Bişnov ez ney çun hikâyet mî koned

Ez codâyihâ şikâyet mî koned

“Şu neyin nasıl hikâye ettiğini dinle. O ayrılıklardan şikâyet etmektedir.”

2.

K’ez neyistan tâ merâ bobrîde end

Ez nefirem merd ü zen nâlide end

“Ney, beni kamışlıktan kestiklerinden beri feryadımdan kadın erkek inlemektedir, diyor.”

3.

Sîne hâhem şerhe şerhe ez firâk

Tâ bigûyem şerh-i derd-i iştiyâk

“İştiyâk derdini şerhedebilmem için ayrılık acısıyla şerha şerha olmuş kalb isterim.”

4.

Herkesî k’û dûr mand ez asl-ı hîş

Bâz cûyed rûzgâr-ı vasl-ı hîş

“Aslından, vatanından uzaklaşmış olan kimse, orada geçirmiş olduğu zamanı tekrar arar.”

5.

Men beher cem’iyyeti nâlân şodem

Coft-i bed-hâlân u hoş-hâlân şodem

“Ben her cemiyyetde,  her mecliste inledim durdum; kötü ve iyi huylu insanlarla da düşüp kalktım.”

6.

Herkesî ez zann-ı hod şod yâr-ı men

Ez derûn-i men necost esrâr-ı men

“Herkes kendi anlayışına göre benim yârim oldu, içimdeki esrarı araştırmadı.”

7.

Sırr-ı men ez nâle-i men dûr nist

Lîk çeşm u gûş râ ân nûr nist

“Benim sırrım feryadımdan uzak değildir.
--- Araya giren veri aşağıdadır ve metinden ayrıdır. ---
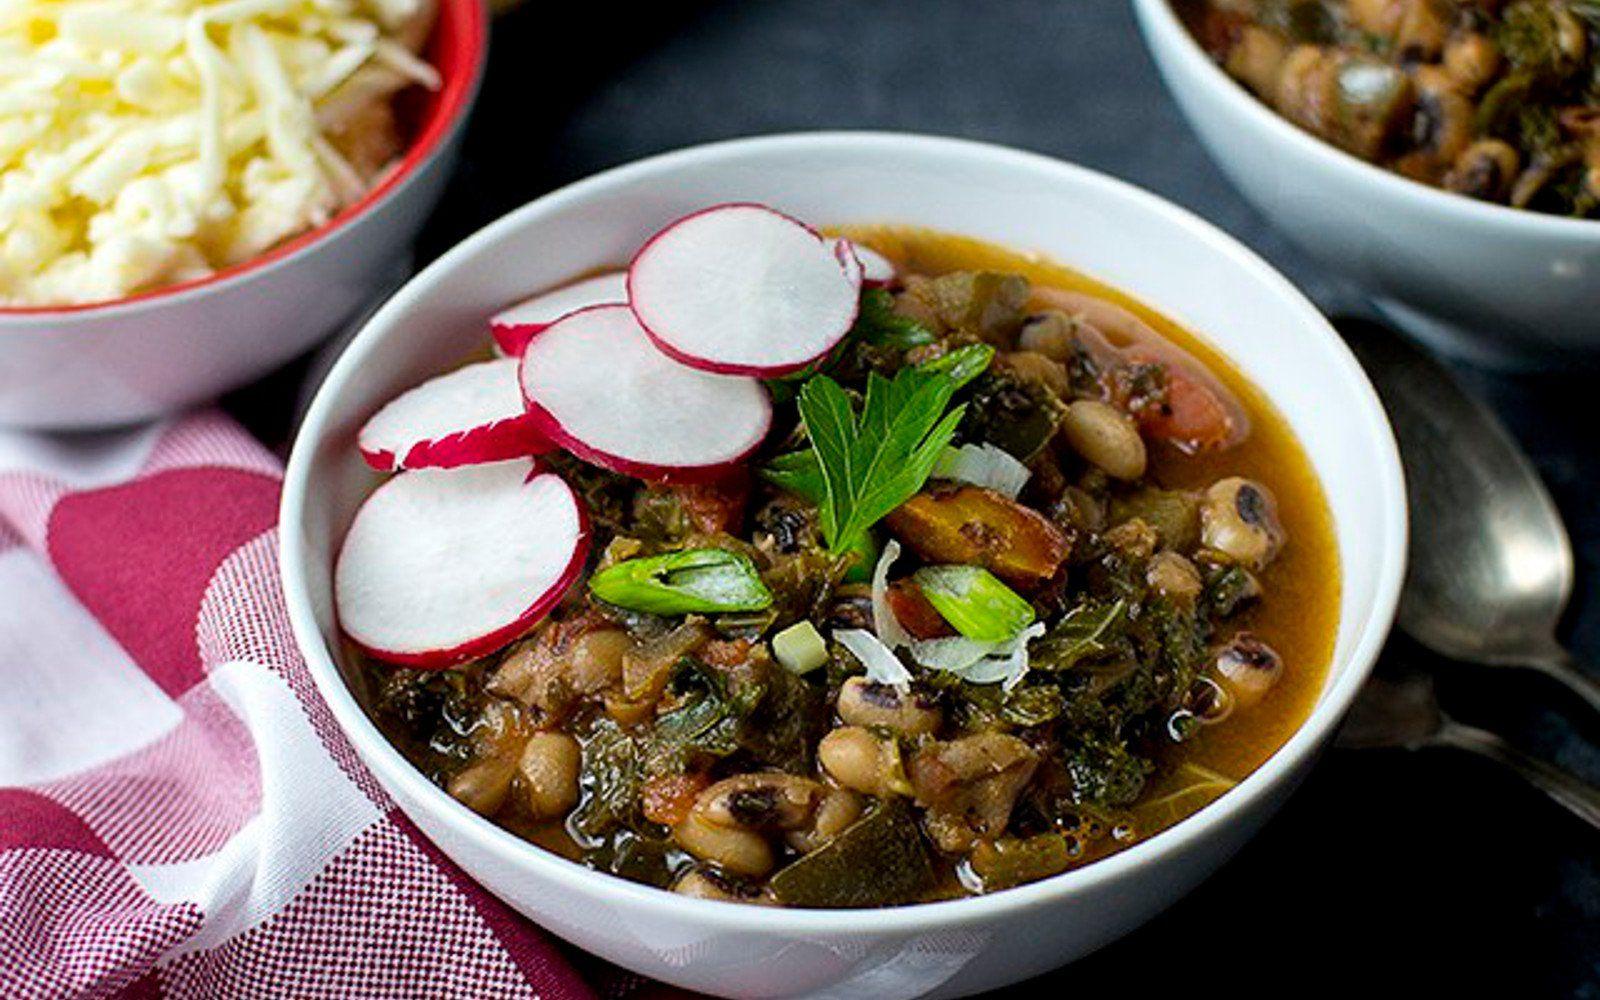 american food recipes vegetarian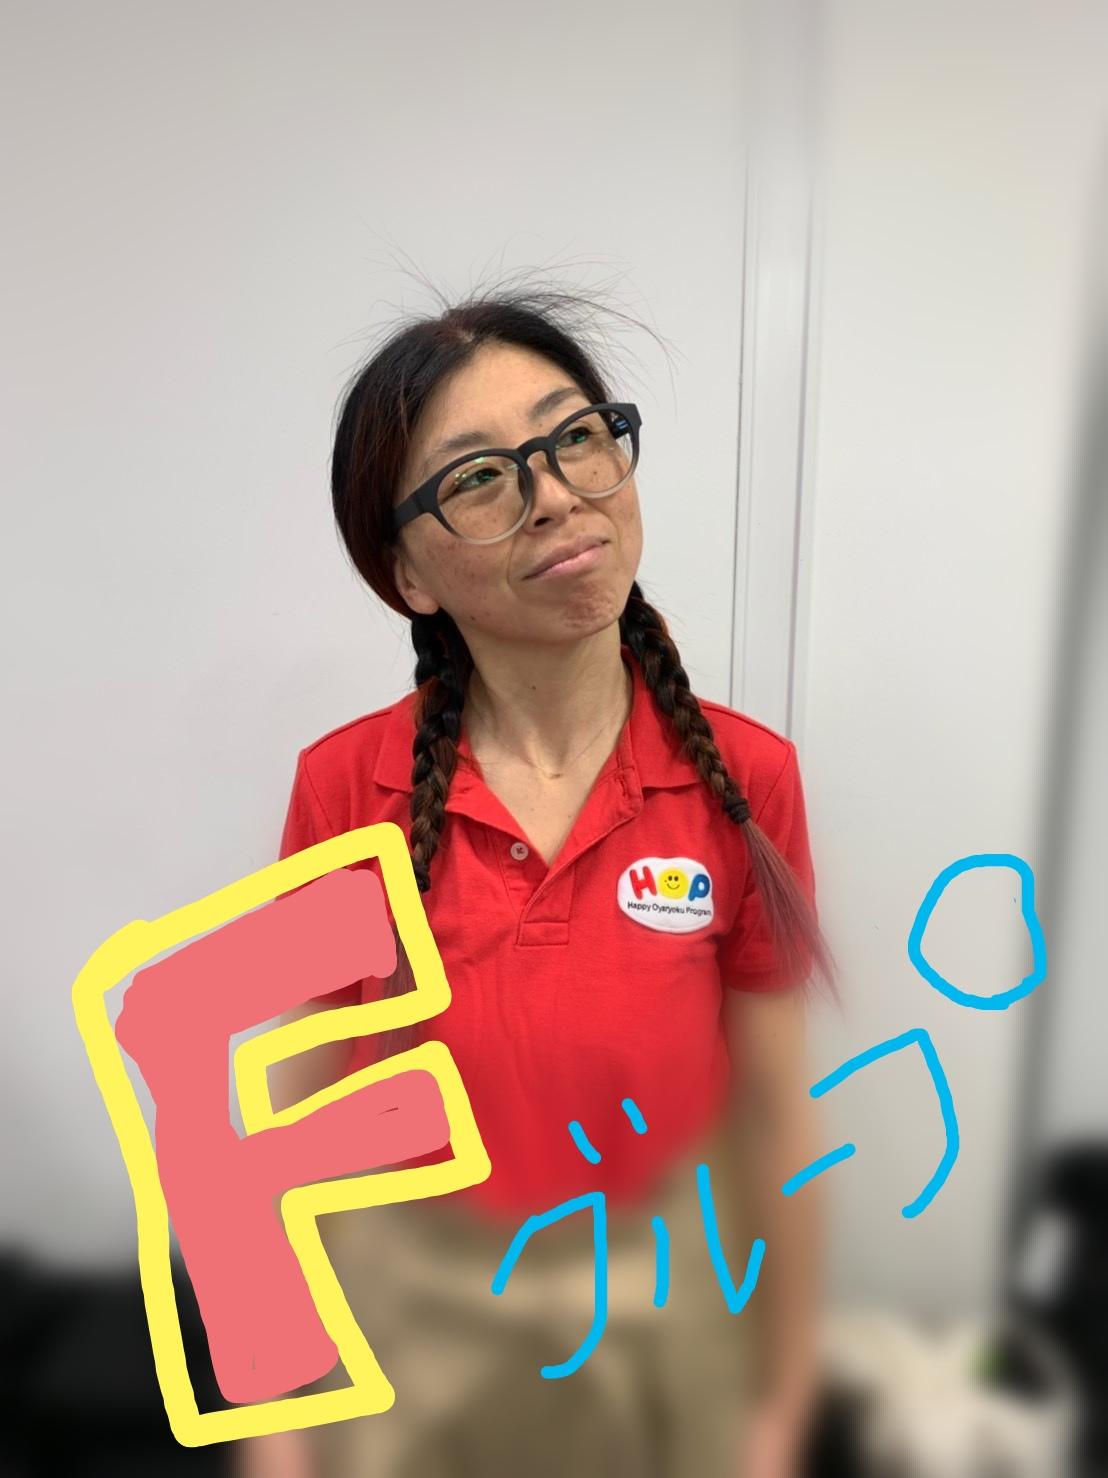 2019.5.28 1010HAPPY藤沢クラス Fグループ

Lakin her gözde onu görecek nûr, her kulakta onu işitecek kudret yoktur.”

8.

Ten z’i cân u cân z’i ten mestûr nist

Lîk kes râ dîd-i cân destûr nist

“Beden ruhtan ruh bedenden gizli değildir. Lakin herkesin ruhu görmesine ruhsat yoktur.”

9.

Âteşest în bang-ı nây u nist bâd

Her ki în âteş nedâred nist bâd

“Şu neyin sesi ateştir, hava değildir. Her kimde bu ateş yoksa o kimse yok olsun.”

10.

Âteş-i ışkest k’ender ney futâd

Cûşiş-i ışkest k’ender mey futâd

“Neydeki bu ateş ile meydeki bu coşkunluk hep içlerine düşen aşktandır.”

11.

Ney harîf-i her ki ez yârî borîd

Perdehâyeş perdehâ-yi mâ derîd

“Ney yârinden ayrılmış olanın arkadaşıdır. Onun makam perdeleri bizim nûrânî ve zulmânî perdelerimizi yırtmıştır.”

12.

Hem ço ney zehrî yü tiryâkî ki dîd

Hem ço ney demsâz ü muştâkî ki dîd

“Ney gibi hem zehir hem panzehir; hem dost hem âşıkı kim görmüştür?”

13.

Ney hadîs-i râh-ı por hûn mî koned

Kıssehâ-yı ışk-ı Mecnûn mî koned

“Ney kanlı aşk yolundan bahseder. Mecnun aşkının kıssalarından bahseder.”

14.

Mahrem-i în hûş coz bî-hûş nist

Mer zeban râ muşterî coz gûş nist

“Bu aklın mahremi akılsızkıktan gayrısı değildir. Dile de kulaktan başka müşteri yoktur.”

15.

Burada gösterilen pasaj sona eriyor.